## What is required
Write out each line of the material exactly as given, and drop the images.

## Given data
━━━━━━━━

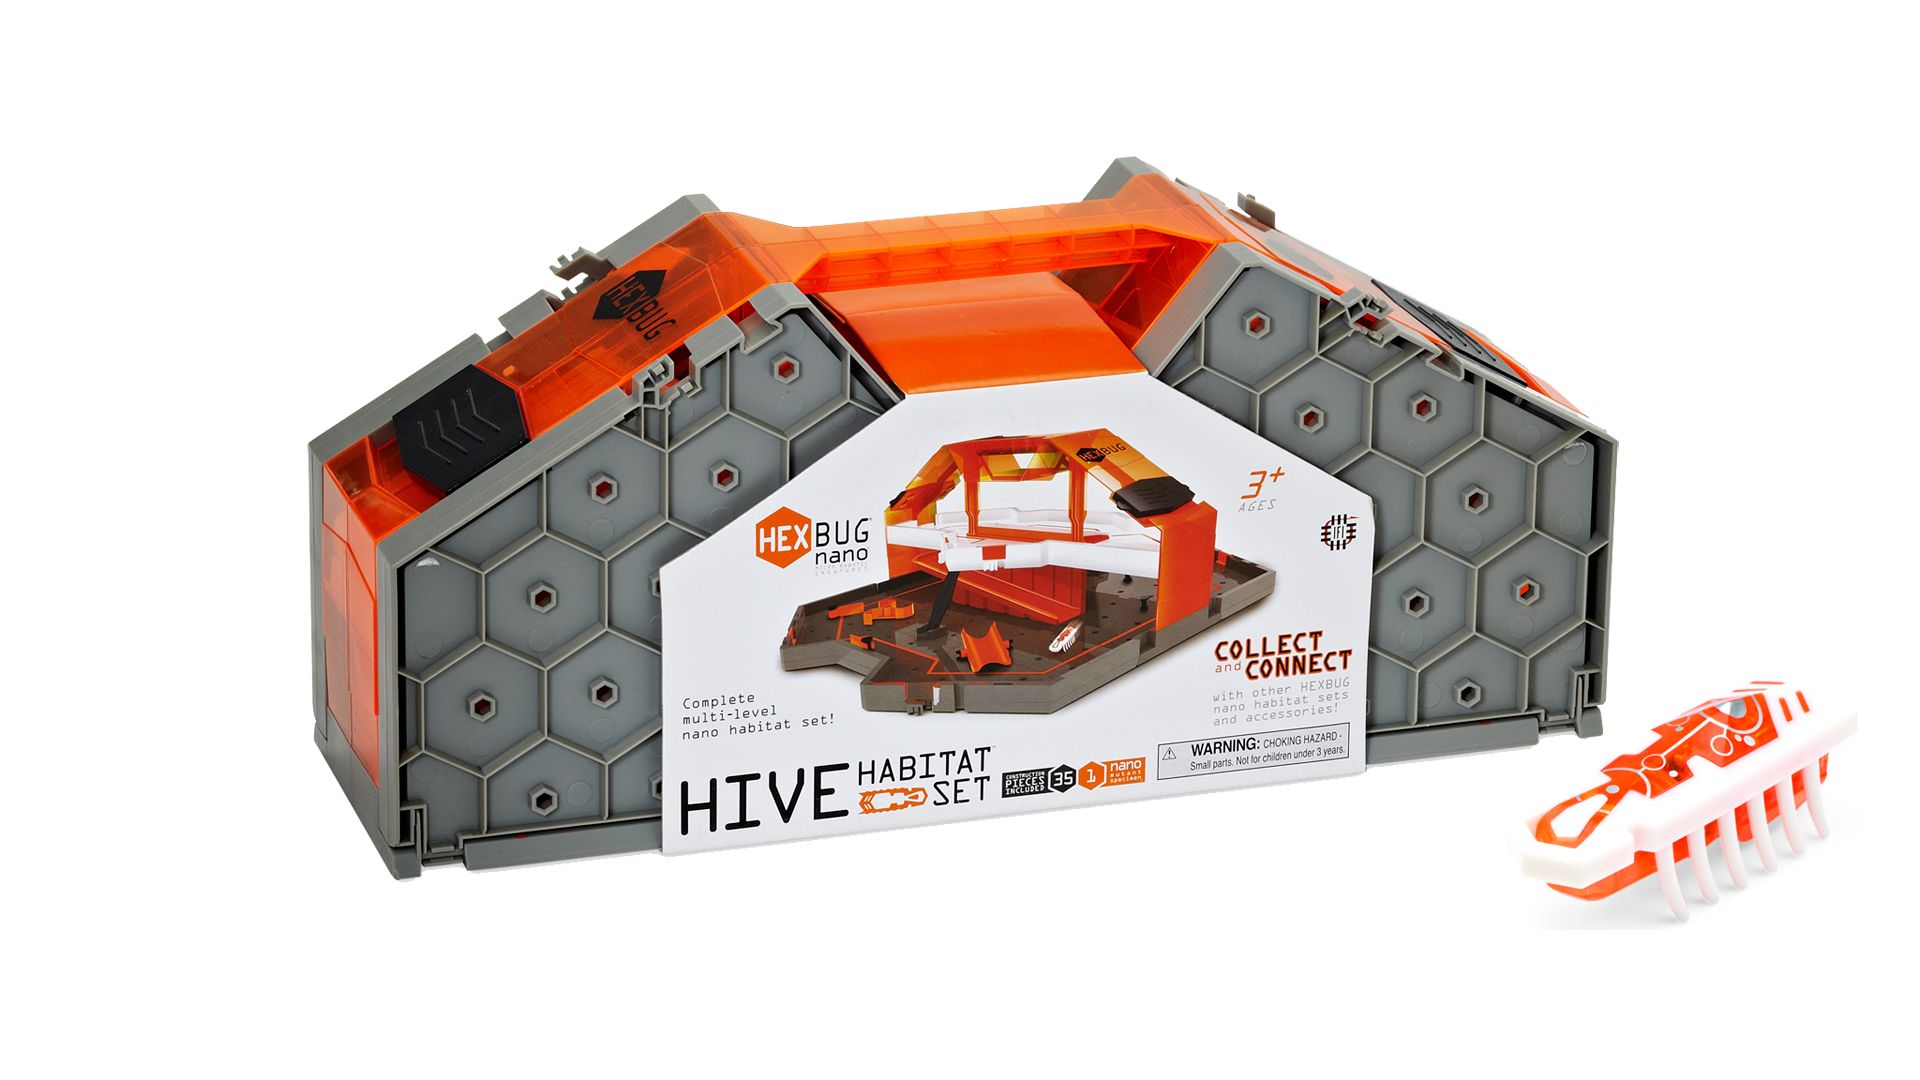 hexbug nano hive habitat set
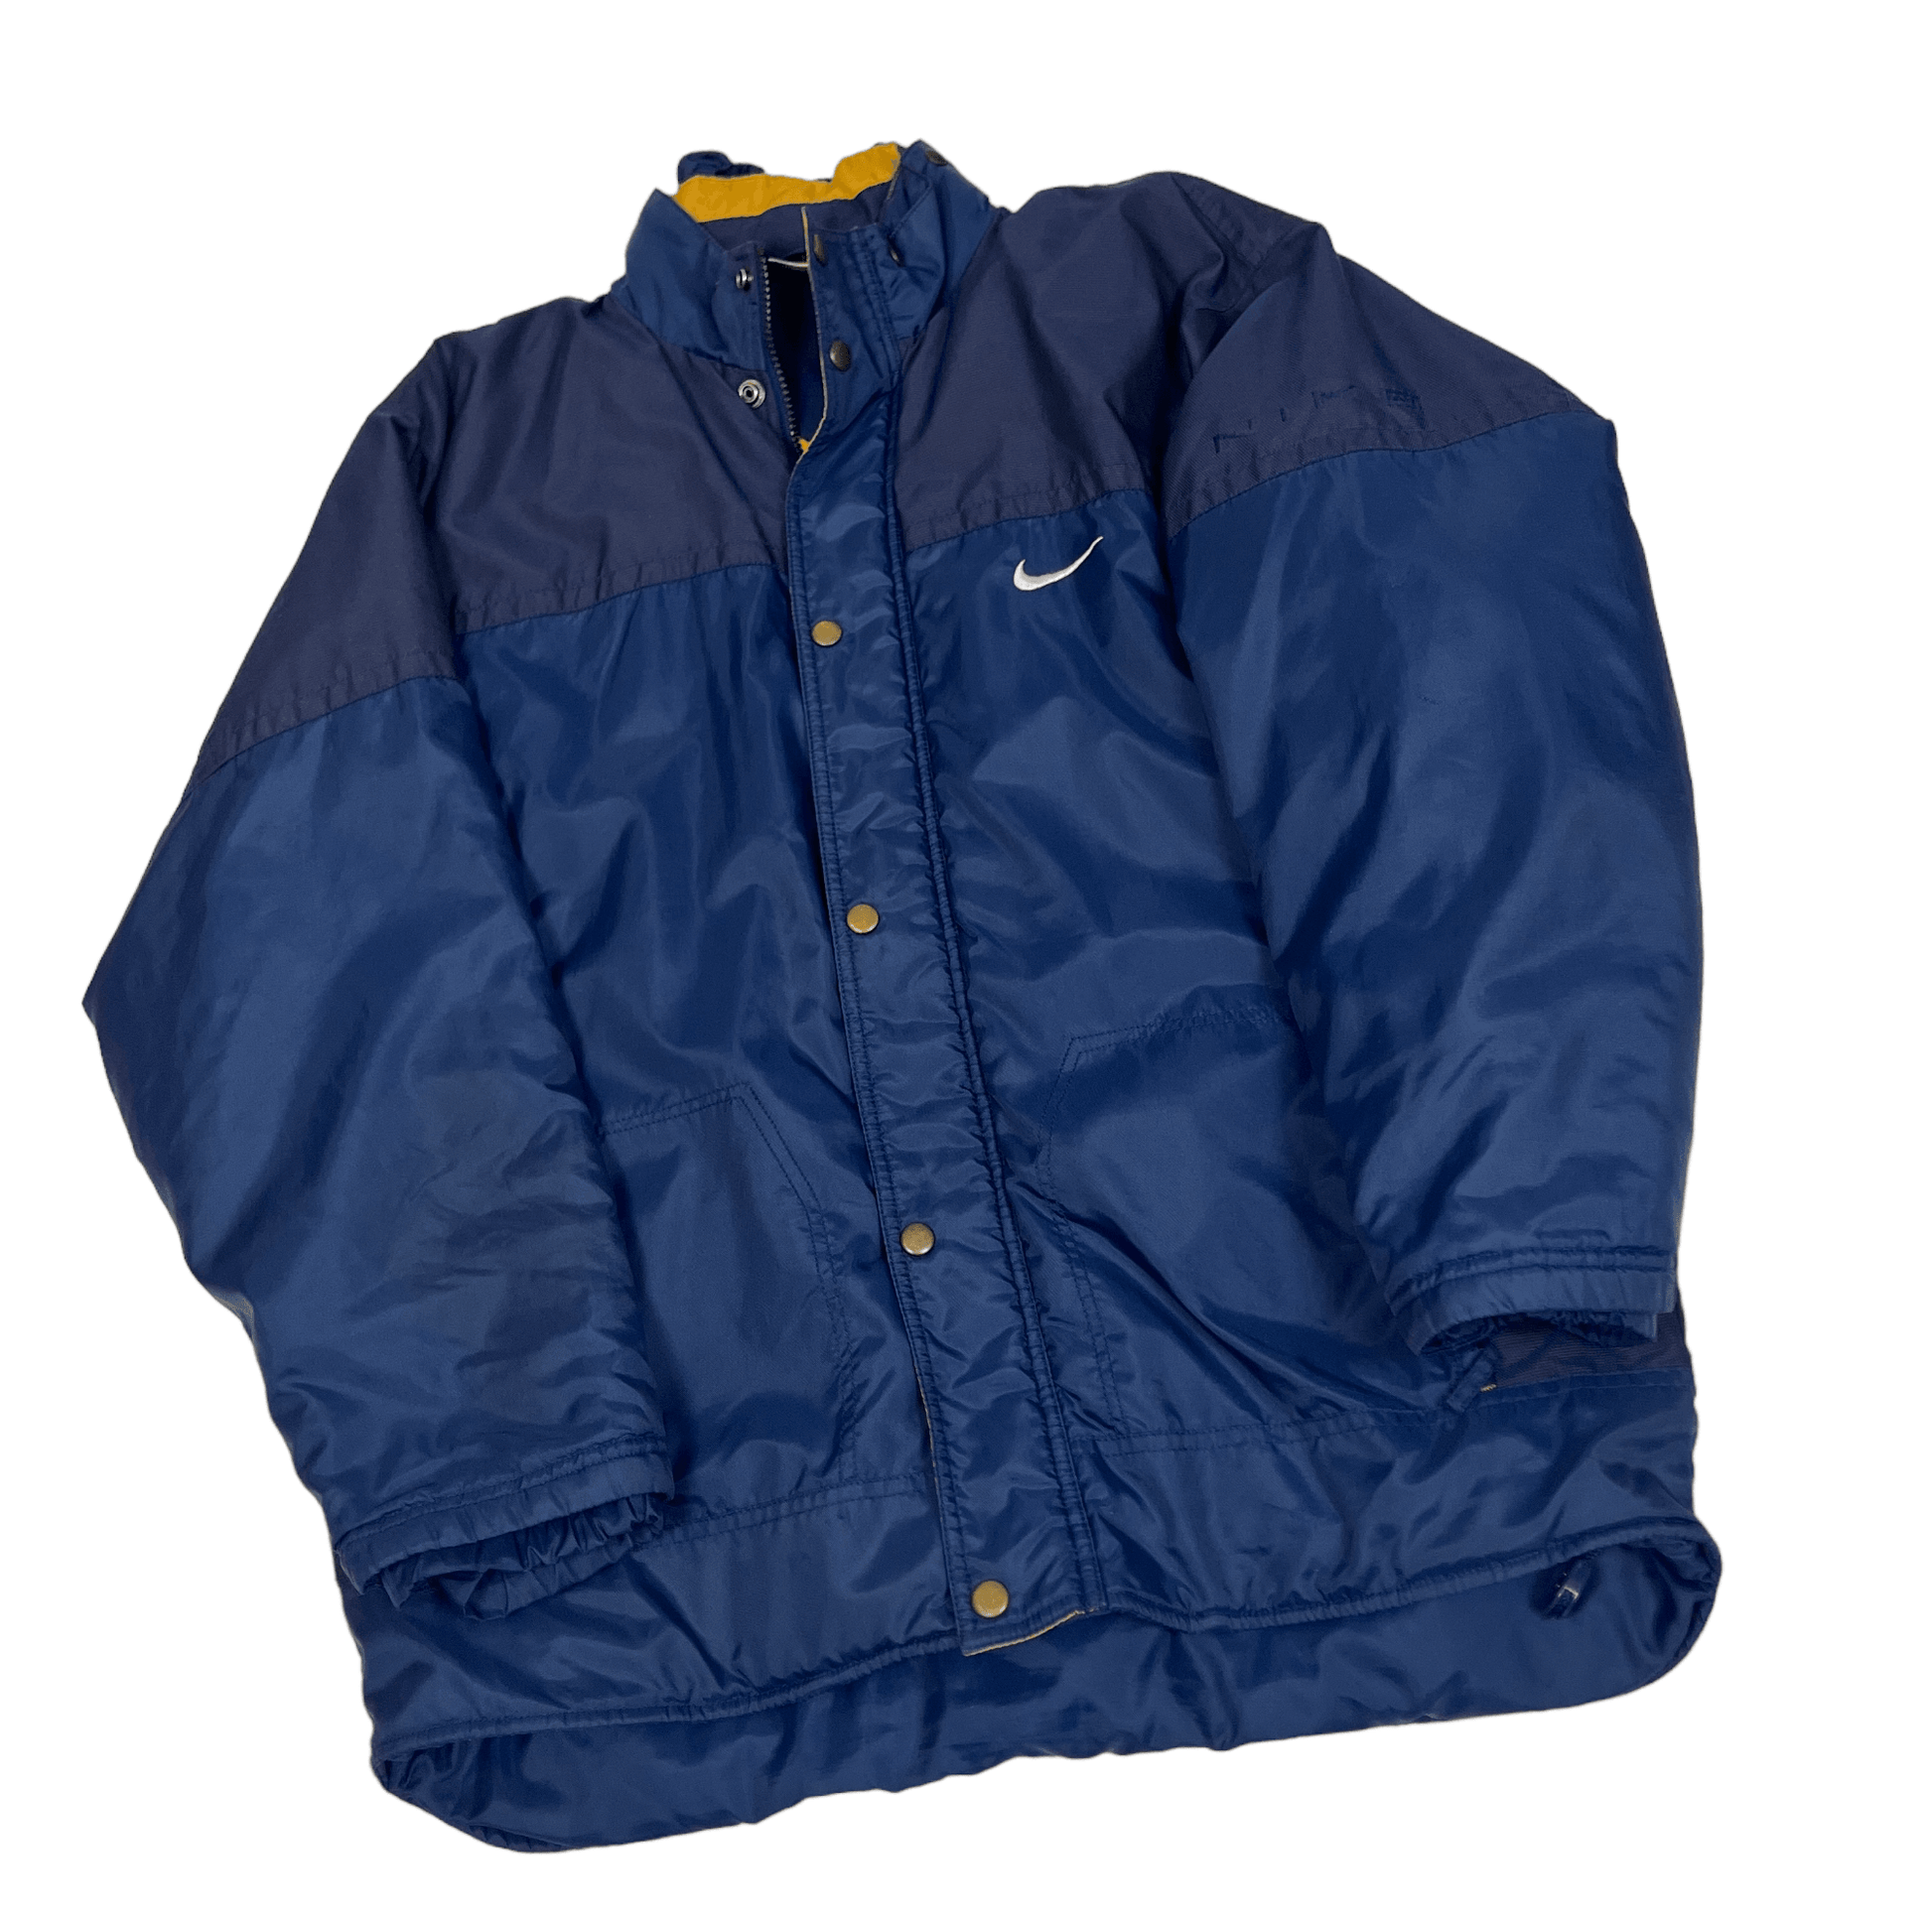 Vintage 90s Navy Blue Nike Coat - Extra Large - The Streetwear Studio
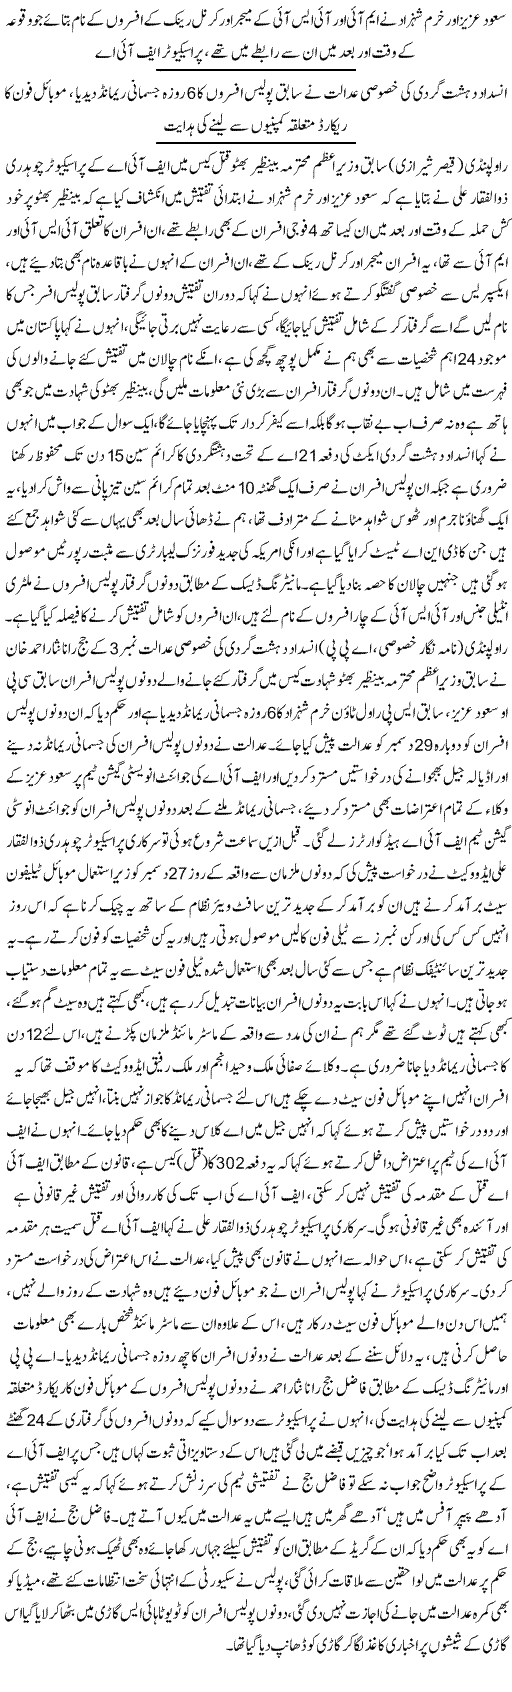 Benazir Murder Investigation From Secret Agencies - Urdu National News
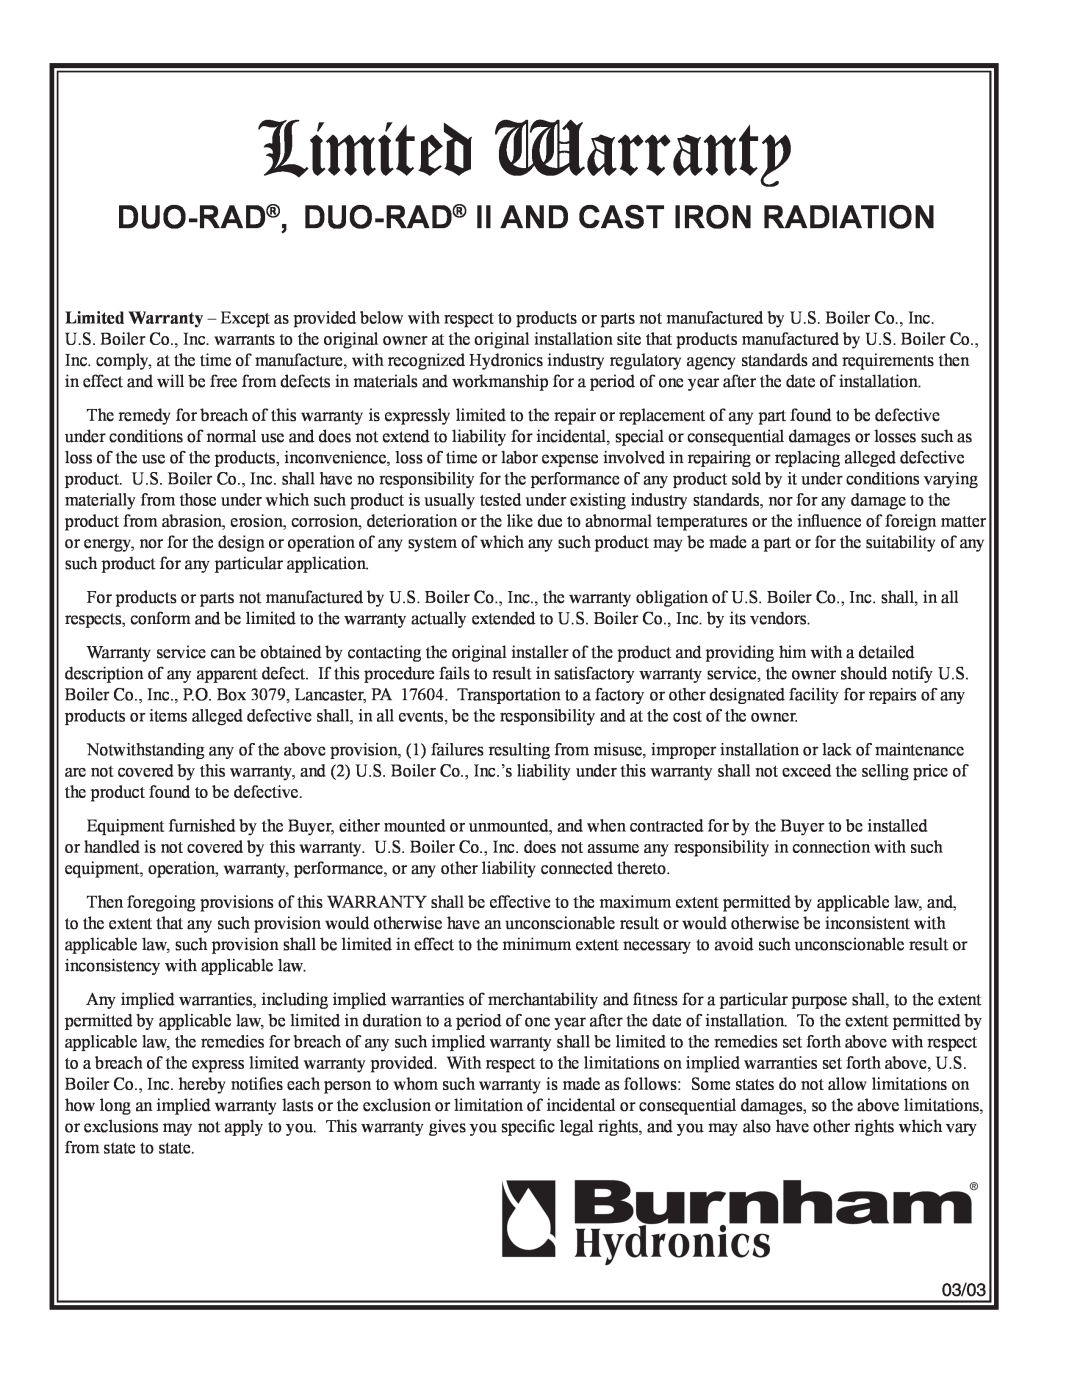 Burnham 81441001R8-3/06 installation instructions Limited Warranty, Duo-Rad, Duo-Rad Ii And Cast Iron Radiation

━━━━━━━━

## Answer below
 hexbug nano hive habitat set
 Vintage 90s Navy Blue Nike Coat - Extra Large - The Streetwear Studio
 Benazir Murder Investigation From Secret Agencies - Urdu National News
 Burnham 81441001R8-3/06 installation instructions Limited Warranty, Duo-Rad, Duo-Rad Ii And Cast Iron Radiation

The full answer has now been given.